三、存储检索与冷热分层(以 Elasticsearch 为例)
1) 索引模板与生命周期策略(ILM)
# 创建 ILM 策略:热7天,温30天,冷180天
curl -X PUT http://es-1:9200/_ilm/policy/log-ilm -H 'Content-Type: application/json' -d '
{
"policy": {
"phases": {
"hot": { "actions": { "rollover": { "max_age": "7d", "max_size": "50gb" } } },
"warm": { "min_age": "7d", "actions": { "shrink": { "number_of_shards": 1 } } },
"cold": { "min_age": "30d", "actions": { "freeze": {} } },
"delete": { "min_age": "180d", "actions": { "delete": {} } }
}
}
}'
2) 索引模板
curl -X PUT http://es-1:9200/_index_template/log-template -H 'Content-Type: application/json' -d '
{
"index_patterns": ["log-audit-*"],
"template": {
"settings": {
"index.lifecycle.name": "log-ilm",
"number_of_shards": 3
},
"mappings": {
"properties": {
"@timestamp": { "type": "date" },
"env": { "type": "keyword" },
"app": { "type": "keyword" },
"trace_id": { "type": "keyword" },
"user": { "type": "keyword" },
"action": { "type": "keyword" },
"result": { "type": "keyword" },
"severity": { "type": "keyword" }
}
}
}
}'
四、审计规则与告警联动(示例)
规则:同一账号 5 分钟内 3 次失败登录触发告警(可落地到 SIEM/Prometheus Alertmanager)
# 规则逻辑示意(伪配置)
rule: audit_login_fail
match:
action: "login"
result: "fail"
group_by: "user"
window: "5m"
threshold: 3
severity: "high"
notify: ["alertmanager", "ticket"]
告警联动脚本示例(调用工单系统 API)
#!/usr/bin/env bash
API="https://itsm.example.com/api/ticket"
TOKEN="xxxx"
curl -s -X POST "$API" \
-H "Authorization: Bearer $TOKEN" \
-H "Content-Type: application/json" \
-d '{"title":"审计告警:异常登录","priority":"P1","desc":"5分钟内3次失败登录"}'
五、Kubernetes 审计日志接入示例
1) K8s 审计策略(/etc/kubernetes/audit-policy.yaml)

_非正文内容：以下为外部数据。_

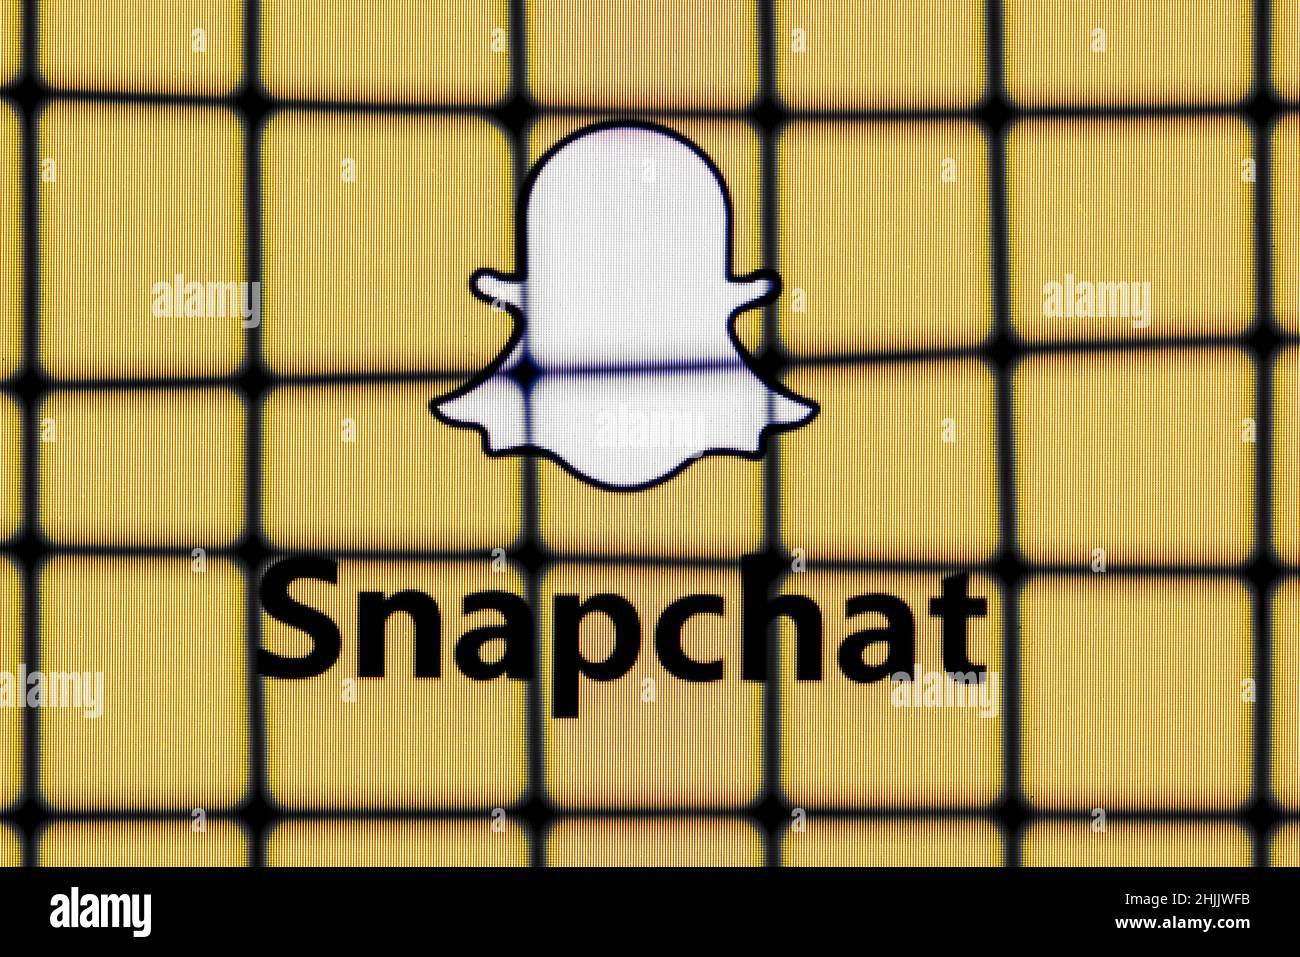 The logo of the Snapchat instant messaging service behind bars. The concept of Snapchat censorship and prohibition. Stock Photo

apiVersion: audit.k8s.io/v1
kind: Policy
rules:
- level: Metadata
verbs: ["create","update","delete"]
resources:
- group: ""
resources: ["pods","secrets"]
2) kube-apiserver 启动参数追加
--audit-policy-file=/etc/kubernetes/audit-policy.yaml \
--audit-log-path=/var/log/k8s-audit/audit.log
3) Filebeat 采集新增路径
paths:
- /var/log/k8s-audit/audit.log
fields:
app: k8s-audit
六、常见排错清单(命令级)
1) 采集器无日志
# 看采集器状态与日志
systemctl status filebeat
tail -n 200 /var/log/filebeat/filebeat
# 检查日志文件权限
ls -l /var/log/secure
2) Kafka 堆积严重
# 查看消费滞后
/opt/kafka/bin/kafka-consumer-groups.sh --bootstrap-server kafka-1:9092 \
--describe --group log-consumer
3) Elasticsearch 索引写入失败
# 查看集群健康与拒绝写入原因
curl -s http://es-1:9200/_cluster/health?pretty
curl -s http://es-1:9200/_cat/indices?v
七、落地流程(可执行清单)
1) 需求与合规范围确认(保留周期、敏感字段)。
2) 字段规范与采集标准发布(统一 JSON/字段名)。
3) 日志源梳理与接入(OS/中间件/K8s/应用/CI/CD)。
4) 审计规则与告警联动上线(异常登录、权限提升、敏感变更)。
5) 验收与持续优化(性能、成本、规则误报率)。
八、练习题(含命令)
1) 新增 Nginx 日志字段并接入平台
要求:采集 /var/log/nginx/access.log,新增字段 app=nginx,验证入库。
# 修改 filebeat.yml 后重启
sudo systemctl restart filebeat
# 验证 Kafka 是否有日志
/opt/kafka/bin/kafka-console-consumer.sh --bootstrap-server kafka-1:9092 \
--topic log-audit --from-beginning --max-messages 3
2) 制作一个审计规则:同一用户 10 分钟内删除资源超过 5 次
输出规则配置和触发样例日志。
{"@timestamp":"2025-01-10T12:00:00+08:00","user":"u_22","action":"delete","resource":"db/table","result":"success"}
3) 实战排错:ES 索引写入 429
要求给出排查步骤并说明如何通过增加分片或限制写入速率缓解。
九、效果与度量
- 关键指标:日志接入覆盖率、审计规则命中率、告警闭环时长、查询响应时间、存储成本与保留周期。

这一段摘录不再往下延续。